Reproduce the entries below exactly, but only from the line containing "Marble Insert Floor" to the line containing "Placement Rib Half", inclusive.

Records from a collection
+++

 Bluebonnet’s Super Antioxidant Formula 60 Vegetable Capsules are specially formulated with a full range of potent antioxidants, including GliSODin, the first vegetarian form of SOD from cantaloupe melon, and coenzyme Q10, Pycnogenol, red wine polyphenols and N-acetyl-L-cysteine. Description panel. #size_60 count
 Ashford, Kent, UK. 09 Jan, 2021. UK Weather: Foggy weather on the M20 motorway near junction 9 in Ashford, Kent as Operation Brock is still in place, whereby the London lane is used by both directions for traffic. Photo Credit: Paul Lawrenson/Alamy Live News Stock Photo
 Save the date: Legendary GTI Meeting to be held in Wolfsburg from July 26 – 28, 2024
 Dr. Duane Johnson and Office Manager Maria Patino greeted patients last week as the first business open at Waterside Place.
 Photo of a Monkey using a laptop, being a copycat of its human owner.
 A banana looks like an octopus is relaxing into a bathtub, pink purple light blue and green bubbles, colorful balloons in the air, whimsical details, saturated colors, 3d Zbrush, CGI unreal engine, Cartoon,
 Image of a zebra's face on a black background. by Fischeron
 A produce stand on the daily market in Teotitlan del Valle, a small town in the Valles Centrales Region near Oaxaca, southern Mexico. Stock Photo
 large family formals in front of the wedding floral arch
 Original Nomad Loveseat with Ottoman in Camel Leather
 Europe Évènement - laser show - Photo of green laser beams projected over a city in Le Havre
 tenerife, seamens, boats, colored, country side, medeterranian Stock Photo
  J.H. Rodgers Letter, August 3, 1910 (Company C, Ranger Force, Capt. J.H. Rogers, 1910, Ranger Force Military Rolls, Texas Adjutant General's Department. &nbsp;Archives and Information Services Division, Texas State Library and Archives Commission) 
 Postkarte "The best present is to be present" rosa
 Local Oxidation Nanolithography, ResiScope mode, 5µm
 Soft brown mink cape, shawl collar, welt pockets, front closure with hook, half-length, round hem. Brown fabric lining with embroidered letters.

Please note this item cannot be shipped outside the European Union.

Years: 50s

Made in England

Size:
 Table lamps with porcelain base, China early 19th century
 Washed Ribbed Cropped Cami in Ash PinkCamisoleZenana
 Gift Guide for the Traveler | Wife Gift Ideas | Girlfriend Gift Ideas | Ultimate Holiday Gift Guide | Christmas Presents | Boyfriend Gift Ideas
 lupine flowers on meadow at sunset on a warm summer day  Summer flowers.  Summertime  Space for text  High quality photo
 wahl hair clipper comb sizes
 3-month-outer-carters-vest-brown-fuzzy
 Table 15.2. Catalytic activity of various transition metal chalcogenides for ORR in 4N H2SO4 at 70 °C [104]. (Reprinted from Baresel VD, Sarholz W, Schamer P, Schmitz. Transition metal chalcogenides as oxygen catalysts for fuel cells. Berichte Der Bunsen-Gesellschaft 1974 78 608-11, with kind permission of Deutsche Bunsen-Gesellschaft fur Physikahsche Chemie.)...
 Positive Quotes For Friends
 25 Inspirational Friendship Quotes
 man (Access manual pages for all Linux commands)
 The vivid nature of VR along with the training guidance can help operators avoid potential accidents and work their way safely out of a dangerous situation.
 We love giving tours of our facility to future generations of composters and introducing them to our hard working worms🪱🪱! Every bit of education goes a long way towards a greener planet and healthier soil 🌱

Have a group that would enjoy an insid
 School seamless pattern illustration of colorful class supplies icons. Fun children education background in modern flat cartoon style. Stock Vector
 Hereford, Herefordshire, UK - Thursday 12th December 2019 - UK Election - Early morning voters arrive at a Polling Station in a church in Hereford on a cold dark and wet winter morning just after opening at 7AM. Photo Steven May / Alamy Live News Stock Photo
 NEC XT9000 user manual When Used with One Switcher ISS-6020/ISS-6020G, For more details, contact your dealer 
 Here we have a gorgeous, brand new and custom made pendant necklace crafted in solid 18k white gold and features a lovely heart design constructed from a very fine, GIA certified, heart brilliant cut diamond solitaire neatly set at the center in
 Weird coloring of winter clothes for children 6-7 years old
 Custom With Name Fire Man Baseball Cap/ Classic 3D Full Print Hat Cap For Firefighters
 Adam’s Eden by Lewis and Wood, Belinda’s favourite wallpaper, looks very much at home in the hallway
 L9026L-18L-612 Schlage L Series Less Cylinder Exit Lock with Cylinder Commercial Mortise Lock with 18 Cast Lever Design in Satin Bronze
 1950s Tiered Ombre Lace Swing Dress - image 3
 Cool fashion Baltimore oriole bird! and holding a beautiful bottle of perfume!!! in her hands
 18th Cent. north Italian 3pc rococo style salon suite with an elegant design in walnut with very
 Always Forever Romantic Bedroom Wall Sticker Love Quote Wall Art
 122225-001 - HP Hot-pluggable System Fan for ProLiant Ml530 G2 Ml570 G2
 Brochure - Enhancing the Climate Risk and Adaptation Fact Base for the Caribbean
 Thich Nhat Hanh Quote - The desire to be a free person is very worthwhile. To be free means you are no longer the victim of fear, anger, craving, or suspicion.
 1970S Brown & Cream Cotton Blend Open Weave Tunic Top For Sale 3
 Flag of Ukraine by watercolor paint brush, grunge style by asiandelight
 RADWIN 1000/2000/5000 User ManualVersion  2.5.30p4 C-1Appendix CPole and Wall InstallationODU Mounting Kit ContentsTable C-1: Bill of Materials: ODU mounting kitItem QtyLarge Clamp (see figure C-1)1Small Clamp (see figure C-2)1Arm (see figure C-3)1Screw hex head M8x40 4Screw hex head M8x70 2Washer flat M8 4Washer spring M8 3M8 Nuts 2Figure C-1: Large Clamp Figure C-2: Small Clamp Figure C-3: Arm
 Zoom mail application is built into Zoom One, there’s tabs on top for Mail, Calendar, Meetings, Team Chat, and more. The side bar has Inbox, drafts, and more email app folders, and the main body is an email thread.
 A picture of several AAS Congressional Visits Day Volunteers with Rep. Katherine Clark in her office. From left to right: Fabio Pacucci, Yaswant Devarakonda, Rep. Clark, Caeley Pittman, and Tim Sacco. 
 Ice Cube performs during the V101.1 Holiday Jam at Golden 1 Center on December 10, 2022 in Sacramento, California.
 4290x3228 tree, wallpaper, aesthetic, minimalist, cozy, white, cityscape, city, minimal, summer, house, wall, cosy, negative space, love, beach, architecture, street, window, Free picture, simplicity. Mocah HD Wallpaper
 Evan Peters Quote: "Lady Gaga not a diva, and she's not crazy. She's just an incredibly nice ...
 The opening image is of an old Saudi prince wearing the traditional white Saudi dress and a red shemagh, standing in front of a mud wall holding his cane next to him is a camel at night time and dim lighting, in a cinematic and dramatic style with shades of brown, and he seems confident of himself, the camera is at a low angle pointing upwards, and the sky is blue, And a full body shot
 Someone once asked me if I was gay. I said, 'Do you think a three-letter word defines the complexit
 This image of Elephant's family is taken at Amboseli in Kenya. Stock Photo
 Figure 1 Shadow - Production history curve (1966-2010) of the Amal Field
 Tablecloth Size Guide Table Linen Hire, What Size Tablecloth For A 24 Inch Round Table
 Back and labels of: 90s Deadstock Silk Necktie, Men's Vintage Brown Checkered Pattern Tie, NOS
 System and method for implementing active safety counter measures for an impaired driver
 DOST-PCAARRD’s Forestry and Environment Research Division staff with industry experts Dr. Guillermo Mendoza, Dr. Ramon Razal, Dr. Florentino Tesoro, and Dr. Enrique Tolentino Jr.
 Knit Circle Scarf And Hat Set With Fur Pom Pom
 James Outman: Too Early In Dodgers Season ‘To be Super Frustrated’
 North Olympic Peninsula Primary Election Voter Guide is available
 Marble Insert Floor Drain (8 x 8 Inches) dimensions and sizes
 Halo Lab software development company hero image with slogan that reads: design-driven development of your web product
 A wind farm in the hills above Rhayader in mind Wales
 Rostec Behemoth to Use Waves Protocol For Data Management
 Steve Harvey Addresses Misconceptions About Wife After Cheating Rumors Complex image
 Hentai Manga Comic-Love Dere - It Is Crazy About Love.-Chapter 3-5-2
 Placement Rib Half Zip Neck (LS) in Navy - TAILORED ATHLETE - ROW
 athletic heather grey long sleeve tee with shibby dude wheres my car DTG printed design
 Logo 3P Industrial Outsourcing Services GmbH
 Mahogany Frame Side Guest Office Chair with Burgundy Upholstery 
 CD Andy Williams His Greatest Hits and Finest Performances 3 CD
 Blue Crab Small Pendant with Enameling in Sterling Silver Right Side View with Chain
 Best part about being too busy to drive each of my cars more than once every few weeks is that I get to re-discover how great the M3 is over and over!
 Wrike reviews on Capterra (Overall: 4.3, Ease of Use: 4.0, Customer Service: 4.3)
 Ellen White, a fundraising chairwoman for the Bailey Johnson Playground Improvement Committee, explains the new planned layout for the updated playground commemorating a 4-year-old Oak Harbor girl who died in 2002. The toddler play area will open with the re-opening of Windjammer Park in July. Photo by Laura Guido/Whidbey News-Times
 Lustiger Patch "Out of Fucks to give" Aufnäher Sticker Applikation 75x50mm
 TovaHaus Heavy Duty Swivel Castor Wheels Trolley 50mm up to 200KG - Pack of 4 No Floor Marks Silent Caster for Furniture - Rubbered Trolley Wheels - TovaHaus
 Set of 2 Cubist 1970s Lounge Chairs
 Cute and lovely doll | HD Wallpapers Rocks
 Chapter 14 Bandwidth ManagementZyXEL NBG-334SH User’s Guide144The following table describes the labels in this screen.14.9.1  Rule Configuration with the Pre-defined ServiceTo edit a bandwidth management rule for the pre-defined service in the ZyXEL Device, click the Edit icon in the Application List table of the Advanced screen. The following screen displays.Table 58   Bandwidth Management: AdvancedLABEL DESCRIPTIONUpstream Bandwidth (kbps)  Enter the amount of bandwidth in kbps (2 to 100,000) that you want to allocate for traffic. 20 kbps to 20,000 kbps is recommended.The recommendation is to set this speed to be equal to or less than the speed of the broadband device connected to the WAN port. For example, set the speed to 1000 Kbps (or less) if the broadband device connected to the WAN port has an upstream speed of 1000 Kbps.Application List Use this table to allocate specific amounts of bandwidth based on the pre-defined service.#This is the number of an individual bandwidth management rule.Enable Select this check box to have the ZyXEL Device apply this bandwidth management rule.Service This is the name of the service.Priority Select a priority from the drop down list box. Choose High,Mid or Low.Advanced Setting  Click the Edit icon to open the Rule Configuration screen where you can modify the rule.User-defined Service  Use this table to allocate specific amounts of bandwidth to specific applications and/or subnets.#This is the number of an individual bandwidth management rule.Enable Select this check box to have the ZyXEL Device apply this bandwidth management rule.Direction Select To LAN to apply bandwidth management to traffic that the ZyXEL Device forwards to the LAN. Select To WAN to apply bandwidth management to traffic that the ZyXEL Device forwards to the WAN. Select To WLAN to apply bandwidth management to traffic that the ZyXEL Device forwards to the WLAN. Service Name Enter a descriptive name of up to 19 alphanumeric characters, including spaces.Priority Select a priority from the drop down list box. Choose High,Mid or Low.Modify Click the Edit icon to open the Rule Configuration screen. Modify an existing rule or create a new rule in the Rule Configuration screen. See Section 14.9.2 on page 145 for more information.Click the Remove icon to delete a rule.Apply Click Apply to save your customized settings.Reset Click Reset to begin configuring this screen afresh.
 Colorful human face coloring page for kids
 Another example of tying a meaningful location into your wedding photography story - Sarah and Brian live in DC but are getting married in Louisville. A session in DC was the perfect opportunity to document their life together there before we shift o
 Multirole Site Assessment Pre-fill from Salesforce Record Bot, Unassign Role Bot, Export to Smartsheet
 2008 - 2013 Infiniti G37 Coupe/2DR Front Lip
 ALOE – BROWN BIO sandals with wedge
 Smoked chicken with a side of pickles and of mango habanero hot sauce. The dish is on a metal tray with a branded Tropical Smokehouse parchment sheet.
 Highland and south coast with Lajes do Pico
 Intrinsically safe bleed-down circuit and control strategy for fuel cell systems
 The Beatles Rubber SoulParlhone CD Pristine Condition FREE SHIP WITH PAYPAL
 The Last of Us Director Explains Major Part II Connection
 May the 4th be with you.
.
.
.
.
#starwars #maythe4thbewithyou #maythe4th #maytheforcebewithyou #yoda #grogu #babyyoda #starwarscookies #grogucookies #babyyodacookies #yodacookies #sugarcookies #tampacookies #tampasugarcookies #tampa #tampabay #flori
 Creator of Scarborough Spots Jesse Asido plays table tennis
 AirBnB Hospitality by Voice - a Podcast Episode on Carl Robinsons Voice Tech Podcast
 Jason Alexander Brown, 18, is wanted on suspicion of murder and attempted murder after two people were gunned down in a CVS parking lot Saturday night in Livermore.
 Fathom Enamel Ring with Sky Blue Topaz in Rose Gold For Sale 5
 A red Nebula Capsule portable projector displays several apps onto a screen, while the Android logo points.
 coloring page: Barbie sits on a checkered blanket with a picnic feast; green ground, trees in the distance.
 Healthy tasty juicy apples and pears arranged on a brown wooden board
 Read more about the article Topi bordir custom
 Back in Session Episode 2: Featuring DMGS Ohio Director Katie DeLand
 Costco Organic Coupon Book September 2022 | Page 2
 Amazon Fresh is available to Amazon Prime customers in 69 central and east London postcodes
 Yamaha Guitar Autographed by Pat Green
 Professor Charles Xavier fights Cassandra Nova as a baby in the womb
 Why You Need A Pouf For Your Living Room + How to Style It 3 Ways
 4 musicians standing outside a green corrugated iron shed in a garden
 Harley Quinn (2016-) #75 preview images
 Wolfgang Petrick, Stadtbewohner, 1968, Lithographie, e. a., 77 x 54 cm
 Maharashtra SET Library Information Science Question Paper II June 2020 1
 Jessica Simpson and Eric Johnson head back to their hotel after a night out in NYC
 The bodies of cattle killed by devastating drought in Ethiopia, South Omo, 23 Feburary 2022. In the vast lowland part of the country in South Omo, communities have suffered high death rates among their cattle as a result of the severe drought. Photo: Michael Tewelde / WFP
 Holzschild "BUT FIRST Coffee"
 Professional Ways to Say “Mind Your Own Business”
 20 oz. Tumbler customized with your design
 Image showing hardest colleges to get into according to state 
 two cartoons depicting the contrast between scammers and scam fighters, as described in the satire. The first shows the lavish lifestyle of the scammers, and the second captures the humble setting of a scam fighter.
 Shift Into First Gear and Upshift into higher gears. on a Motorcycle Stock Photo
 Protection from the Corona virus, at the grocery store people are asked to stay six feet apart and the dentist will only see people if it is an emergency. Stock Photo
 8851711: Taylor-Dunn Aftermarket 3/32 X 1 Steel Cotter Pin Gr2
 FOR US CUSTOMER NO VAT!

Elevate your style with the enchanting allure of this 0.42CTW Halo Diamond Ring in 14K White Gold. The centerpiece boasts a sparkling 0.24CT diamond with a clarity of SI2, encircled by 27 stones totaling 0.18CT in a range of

+++

## ANSWER FOR THE TASK
 Marble Insert Floor Drain (8 x 8 Inches) dimensions and sizes
 Halo Lab software development company hero image with slogan that reads: design-driven development of your web product
 A wind farm in the hills above Rhayader in mind Wales
 Rostec Behemoth to Use Waves Protocol For Data Management
 Steve Harvey Addresses Misconceptions About Wife After Cheating Rumors Complex image
 Hentai Manga Comic-Love Dere - It Is Crazy About Love.-Chapter 3-5-2
 Placement Rib Half Zip Neck (LS) in Navy - TAILORED ATHLETE - ROW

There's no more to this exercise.